At the heart of this article is another ingredient of the template compilation model: how the definitions of non class templates are found. At first, this part of the compilation model was not clearly specified. For example, Bjarne Stroustrup [ Stroustrup ] wrote:
When a function definition is needed for a class template member function for a particular type, it is the implementation's job to find the template for the member function and generate the appropriate version. An implementation may require the programmer to help find template source by following some convention.
CFront, which was the first implementation of C++ templates, used some conventions which are described in the appendix. However, the standard provides two ways, both of which differ from the CFront approach.
The Inclusion Compilation Model
This is the only commonly provided compilation model: the definition of a template has to be provided in the compilation unit where the template is instantiated [ 1 ] .
In an effort to be able to compile source code written for CFront, some compilers provide a variant where the source file which would be used by CFront is automatically included when needed.
The Separation Compilation Model
When using this model, template declarations have to be signalled as exported [ 2 ] (using the export keyword). A definition of the template has to be compiled in one (and only one, by the one definition rule) compilation unit and the implementation has to manage with that.
It should be noted that while in the inclusion model the two contexts where names are looked up are usually not very different (but remember the problems found by the first implementation of two phase name lookup rules), in this model the differences may be far more important and give birth to some surprising consequences, especially in combination with overloading and implicit conversions.
Template Instantiation Mechanisms
According to [ Vandevoorde- ] [ 3 ] ,
The instantiation mechanisms are the external mechanisms that allow C++ implementations to create instantiations correctly. These mechanisms may be constrained by the requirements of the linker and other software building tools.
One may consider there to be two kinds of instantiation mechanisms:
local , where all the instantiations are done when considering each compilation unit, and
global , where the instantiations are done when considering all the compilation units in the program or library.
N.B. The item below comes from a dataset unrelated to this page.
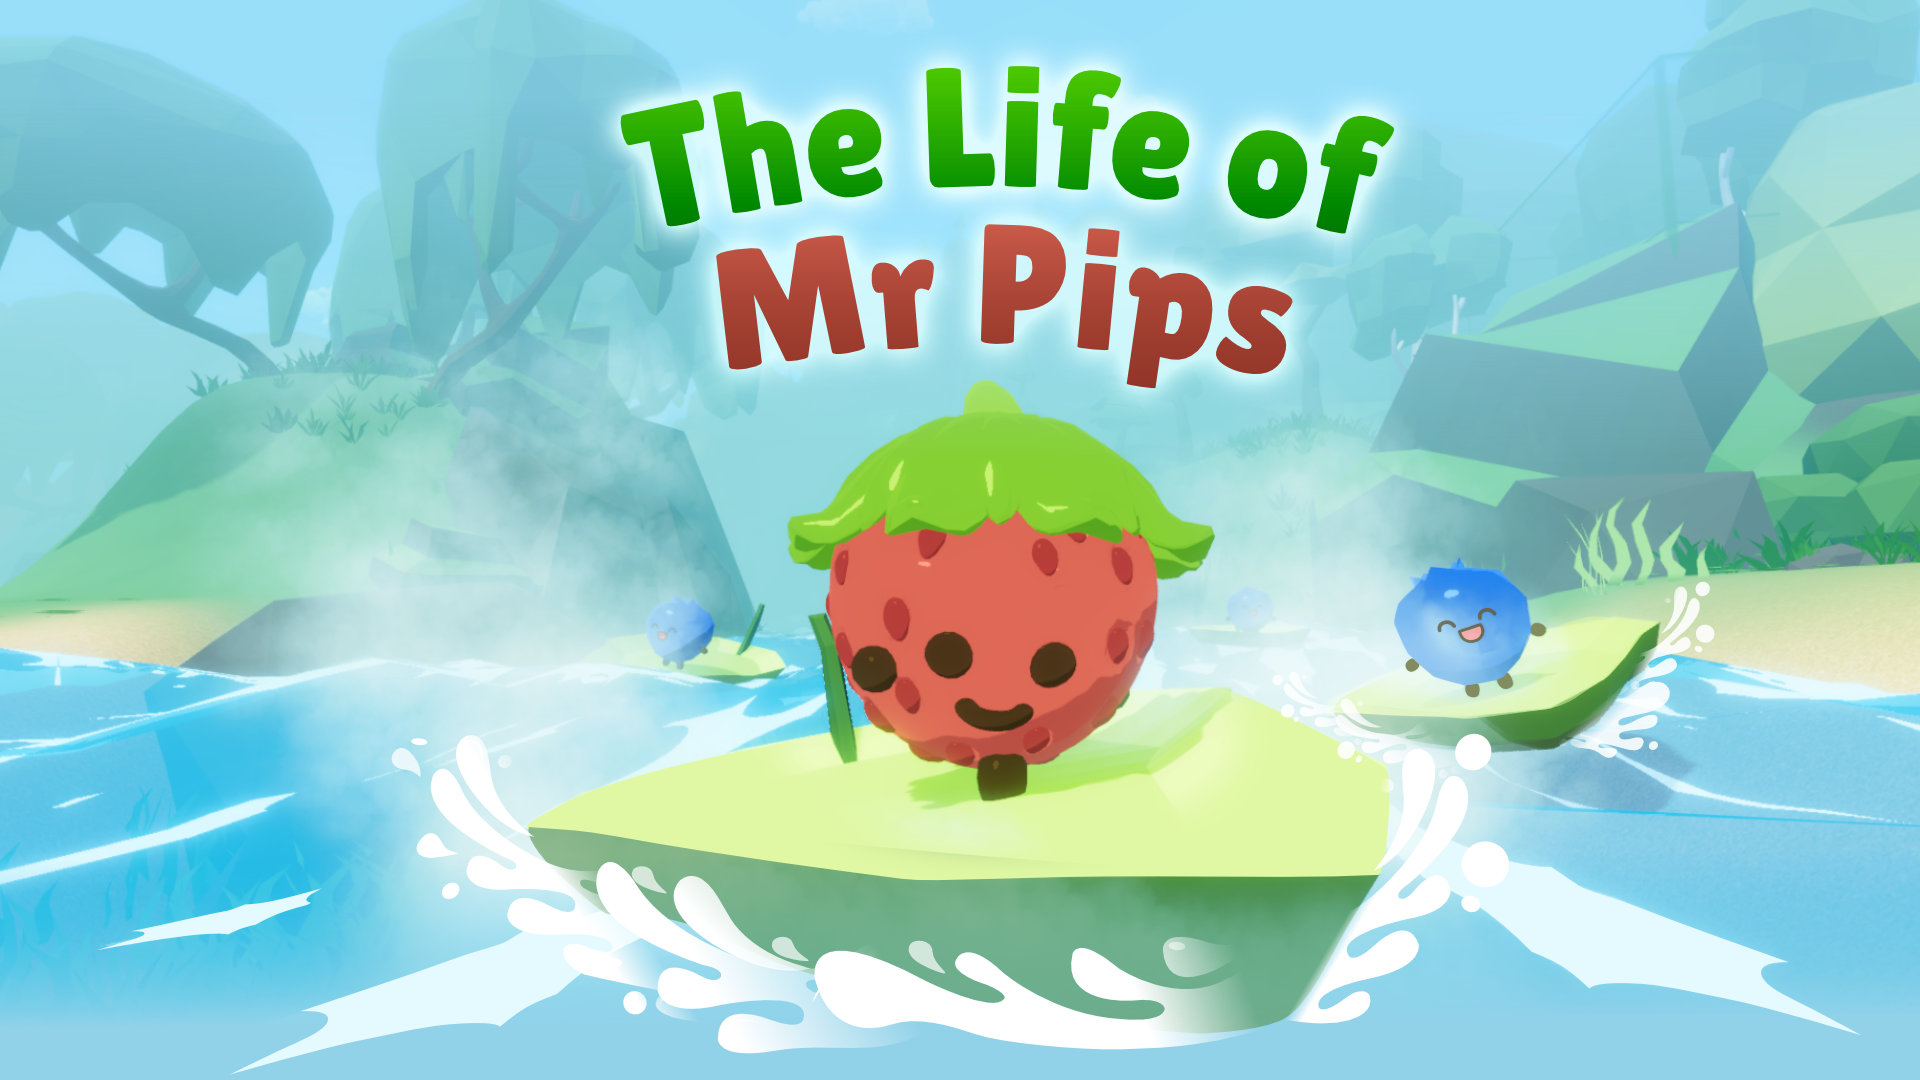 The Life of Mr Pips

CFront used a global mechanism: it tried a link and used the error messages describing missing symbols to deduce the necessary template instantiations. It then generated them and retried the link until all required instantiations where found.
Borland's compiler introduced the local mechanism: it added all the instantiations to every object file and relied on the linker to remove any duplicates.
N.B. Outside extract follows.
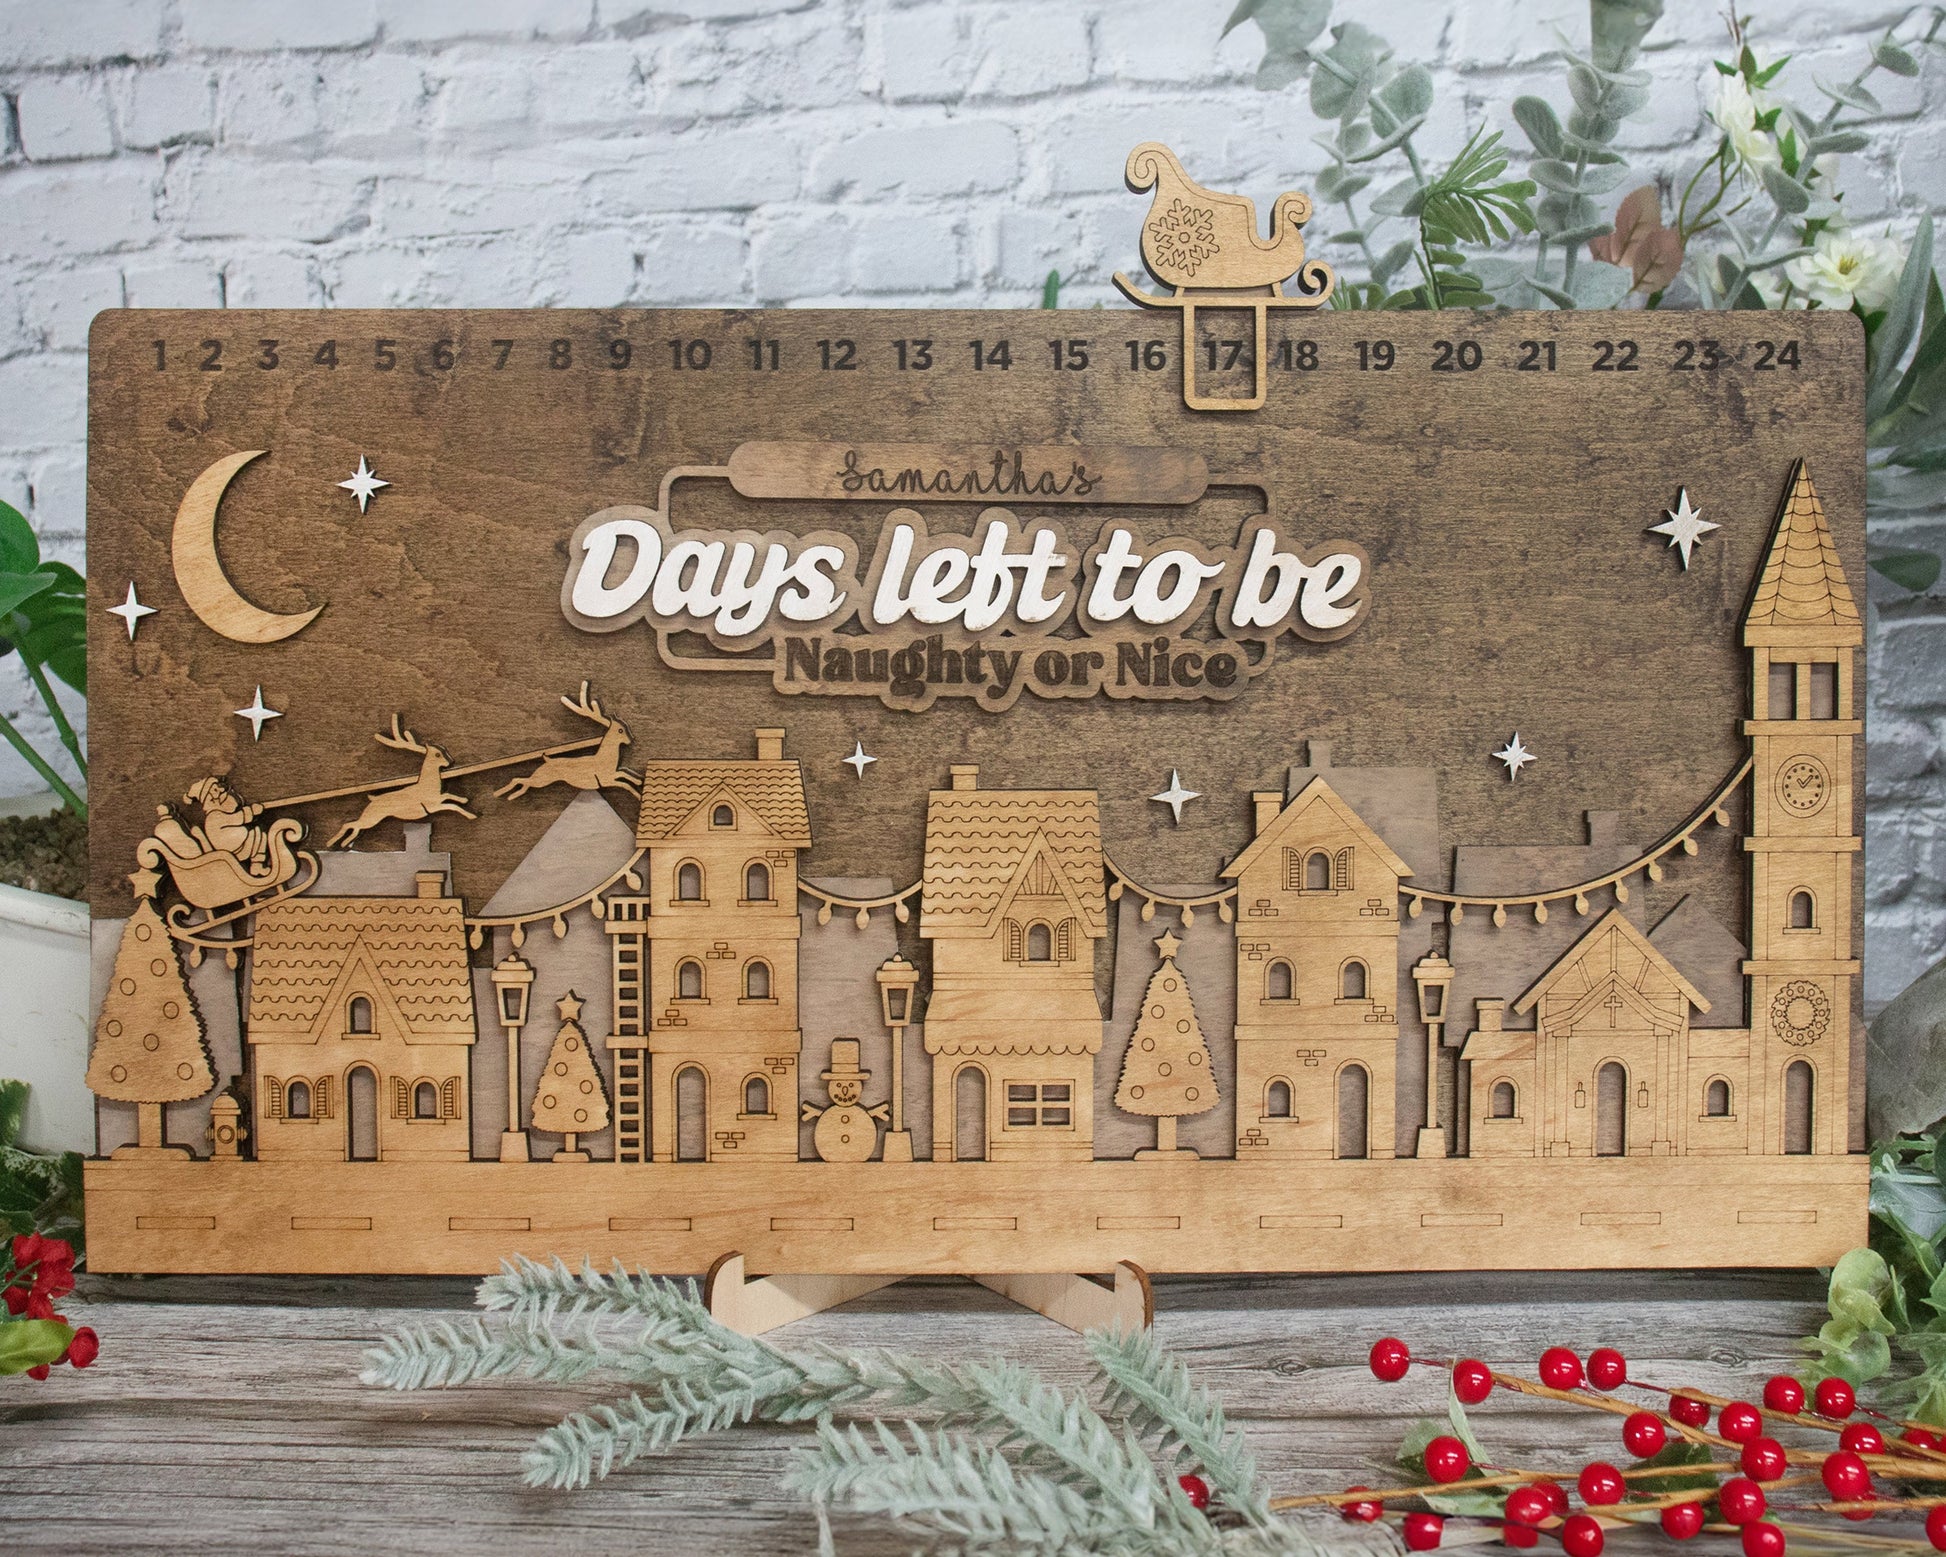 Christmas Countdowns - 4 Main Themes - 10 text options - Laser Designs - Tested on Glowforge & Lightburn

Sun's compiler also uses a local mechanism. It also generates all the needed instantiations when compiling a compilation unit, but instead of putting them in the object file, it puts them in a repository. The linker does not need to be able to remove duplicates and an obvious optimisation is generating an instantiation only if it is not already present in the repository.
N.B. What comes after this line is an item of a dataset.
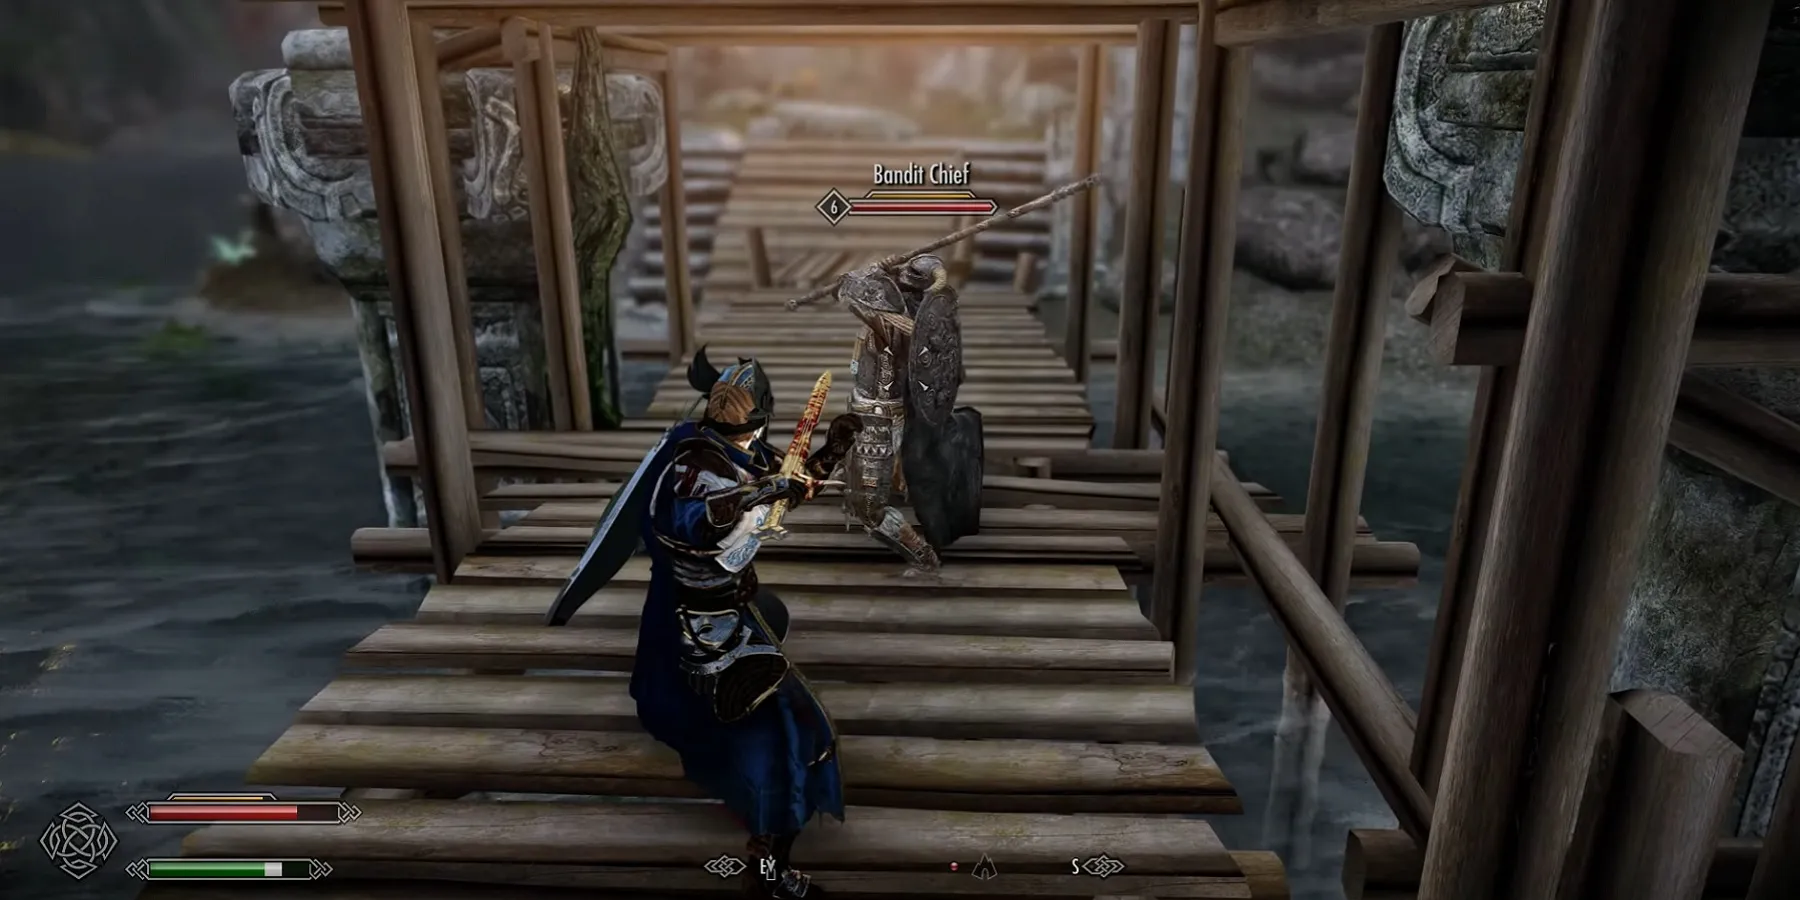 Image from Skyrim showing two people about to engage in combat on a bridge.

Comeau's and HP's compilers have a global mechanism: they use a pre-linker to detect the needed instantiations [ 4 ] . These are then assigned to compilation units which can generate them and these compilation units are recompiled. The assignment is cached so that when recompiling a compilation unit to which instantiations have been assigned, they are also regenerated; the pre-linking phase is then usually simply a check that all the needed instantiations are provided, except when starting a compilation from a clean state.
Comeau's compiler has an additional mode where several objects are generated from a compilation unit to which instantiations have been assigned. This removes the need to link a compilation unit (and other compilation units upon which it depends) only because an instantiation has been assigned to it.
Issues related to template instantiations
It should be noted that the compilation model and the instantiation mechanisms are mostly independent: it is possible (though not always convenient or especially useful) to implement the standard compilation models with each of the instantiation mechanisms described. A consequence is that one should not expect the separation compilation model to solve problems related to instantiation mechanisms.
Publishing the source code
The need in the inclusion model to provide the source code of the template definition is seen by some as a problem. Is the separation model a solution?
First, it should be noted that the standard formally ignores such issues and so a compiler could always demand that the source code be present until link time. Not going to such extremes, some compilers delay code generation until link time and so generate high level object files [ 5 ] .
It should also be noted that a compiler could provide a way to accept encrypted source or high level intermediate format (something very similar to what is done with precompiled headers) and so if there is enough demand, the compiler makers can provide a solution (not perfect but probably good enough for most purposes: it is used in other languages; the main problem would probably be to generate useful error messages when encrypted code is all what is available) even with the inclusion model.
These remarks made, we'll consider the related but quite different question: can the separation model be implemented in such a way that only low level information is needed to instantiate templates?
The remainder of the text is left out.